TLDR: Attempting to practice kindness while holding unresolved fear creates internal conflict and inauthentic behavior. Rather than suppressing fear or forcing kindness through willpower, Sri Preethaji teaches that genuine compassion emerges naturally when the inner state shifts from fear-based reactivity to genuine peace and joy. This requires transformation of the root inner condition, not behavioral modification.
The Paradox of Forced Kindness
Most people approach kindness as a moral practice—something to cultivate through effort, discipline, or conscious choice. Yet the lived experience often contradicts this approach. When you attempt to "be kind" while carrying unprocessed fear, resentment, or anxiety, the kindness feels hollow. It backfires not because you lack sincerity, but because the foundation beneath the action is unstable.
Sri Preethaji identifies the core problem: you cannot generate authentic kindness from a fearful inner state. Fear and kindness operate from different frequencies. Fear contracts; it makes you defensive, suspicious, and self-protective. Kindness expands; it requires openness and trust. When you attempt to layer kindness over fear through sheer willpower, you create a fractured internal experience—part of you performing kindness while another part remains braced for threat.
Why Your Inner State Matters More Than Your Actions
Conventional self-help often emphasizes behavioral change: "Act kind and you'll become kind." This assumes that actions drive states. But the Oneness teachings invert this understanding: your inner state generates your actions naturally. When the inner state is fundamentally fearful or conflicted, even "kind" actions arise from a compromised place.
This is not about morality or judgment. It is observation. A person caught in fear-reactivity cannot authentically access the generosity, patience, or genuine care that real kindness requires. The actions may look kind externally, but they lack the frequency of genuine compassion. Others sense this discontinuity. Children especially perceive the gap between what an adult says and the inner state from which it flows.

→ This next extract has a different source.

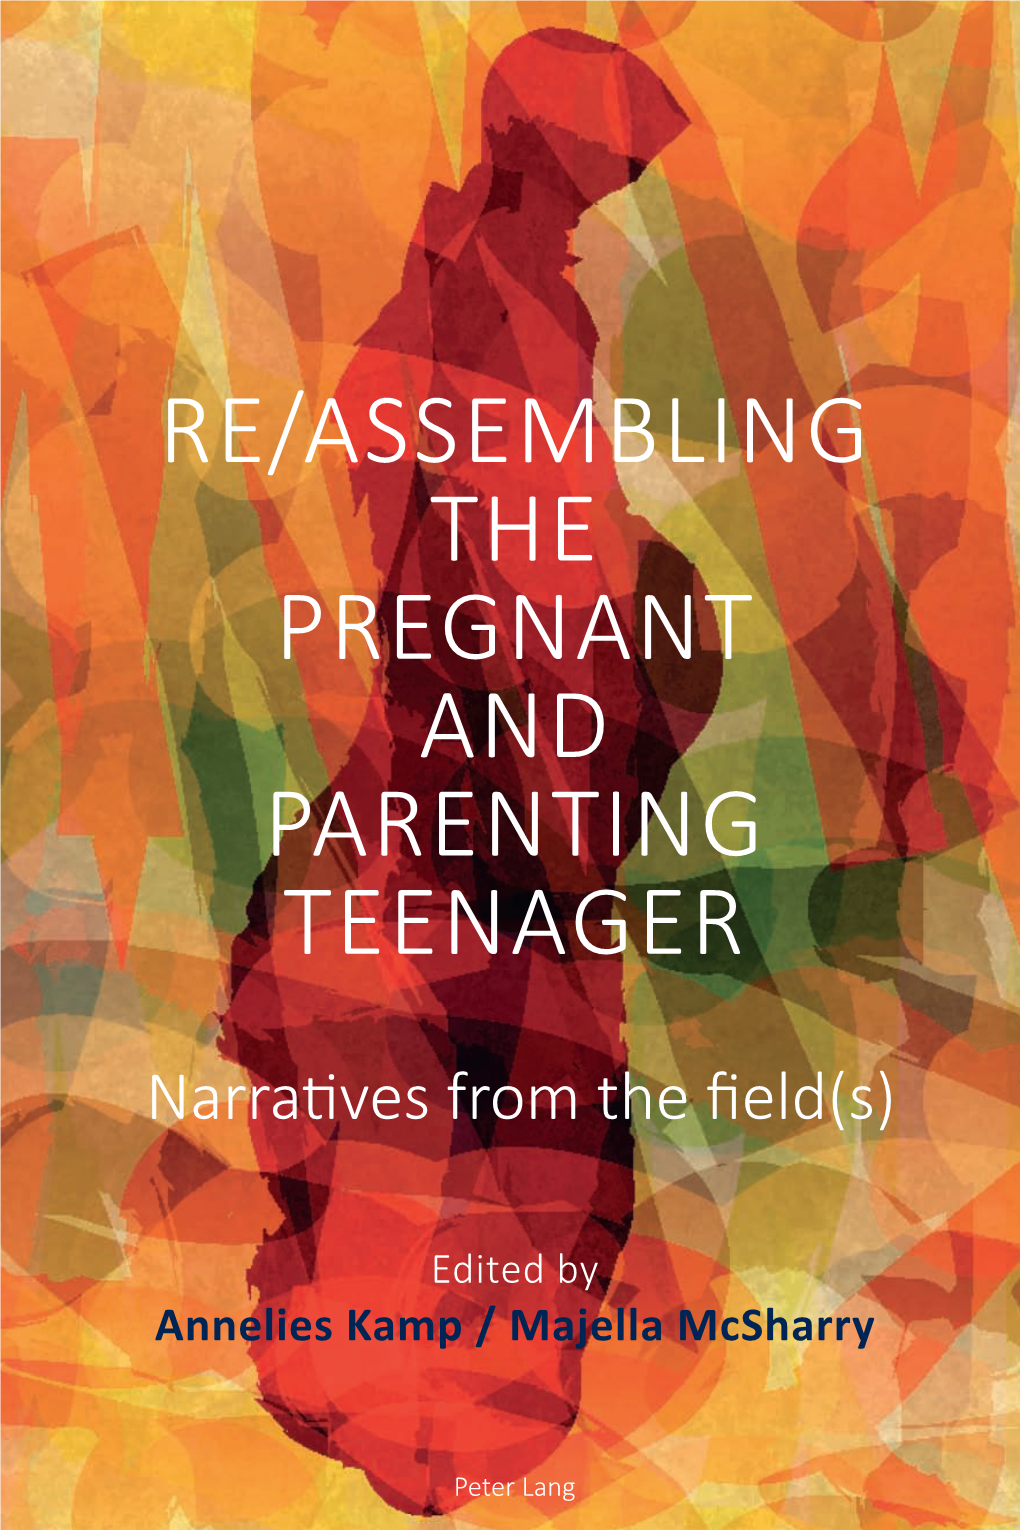 Re/Assembling the Pregnant and Parenting Teenager

Transformation, by contrast, works at the source. If the inner state shifts—if fear naturally resolves and peace becomes your baseline—then kindness flows without effort. It becomes effortless because it is no longer suppressed fear trying to perform virtue; it is the natural expression of a peaceful, open inner state.
Transformation vs. Suppression
Sri Preethaji emphasizes a critical distinction: don't suppress the fear—transform it. Suppression is the failed strategy that leads to forced kindness. You feel afraid, resentful, or contracted, but you push those feelings down and "choose to be kind" anyway. This creates an exhausting inner split. The suppressed material doesn't disappear; it accumulates and eventually leaks out as irritability, impatience, or withdrawal.
Transformation is different. It means attending to the root conditions that generate fear. Why are you afraid? What needs are unmet? What beliefs about safety or belonging underlie the fear? As these deeper patterns are seen and understood, the fear naturally loses its grip. You don't force kindness; you become naturally kinder because the inner obstruction has been removed.
This approach aligns with contemplative and nondual traditions that teach awareness itself is transformative. When you bring conscious attention to fear without judgment or resistance, the fear shifts. It is not about willpower or moral effort; it is about consciousness itself.
The Inner State as the Real Work
From the perspective of Oneness teachings, the primary work is not behavioral—it is the cultivation and stabilization of an awakened inner state. This state is described as effortless joy, love, and compassion. These are not emotions you manufacture; they are the natural qualities of consciousness when it is no longer contracted by fear, belief, or identification with limitation.
When you operate from this state, kindness is not an achievement or a performance. It is simply what flows. You become naturally patient with difficulty because the inner state itself is spacious. You become naturally generous because there is no sense of scarcity or threat. You become naturally compassionate because you recognize the fear and contraction in others, having resolved it in yourself.
This is why many spiritual paths emphasize meditation, self-inquiry, or devotional practices that shift consciousness itself rather than practices aimed at behavior modification.
The Invitation to Awakening
Sri Preethaji & Sri Krishnaji invite practitioners to the Oneness Global Summit 2026 with the promise of awakening to "effortless joy, love, and compassion." This is not motivational rhetoric. It is a pointer to a genuinely different mode of being—one where kindness, love, and joy are not achievements but the baseline of an awakened consciousness.
The work, then, is not to become a kinder person. The work is to awaken to what you already are beneath the layers of fear and contraction. From that place, kindness is inevitable.
Where to go from here
If forced kindness feels exhausting or inauthentic, begin by observing your inner state without judgment. What fear or contraction is present? Rather than overriding it with behavioral kindness, turn attention toward understanding it. Meditation, self-inquiry, or working with a guide who understands consciousness transformation can help resolve these root patterns. As the inner state naturally opens, you will discover that kindness, compassion, and joy are not things to practice—they are what emerges when the obstacles to your true nature dissolve.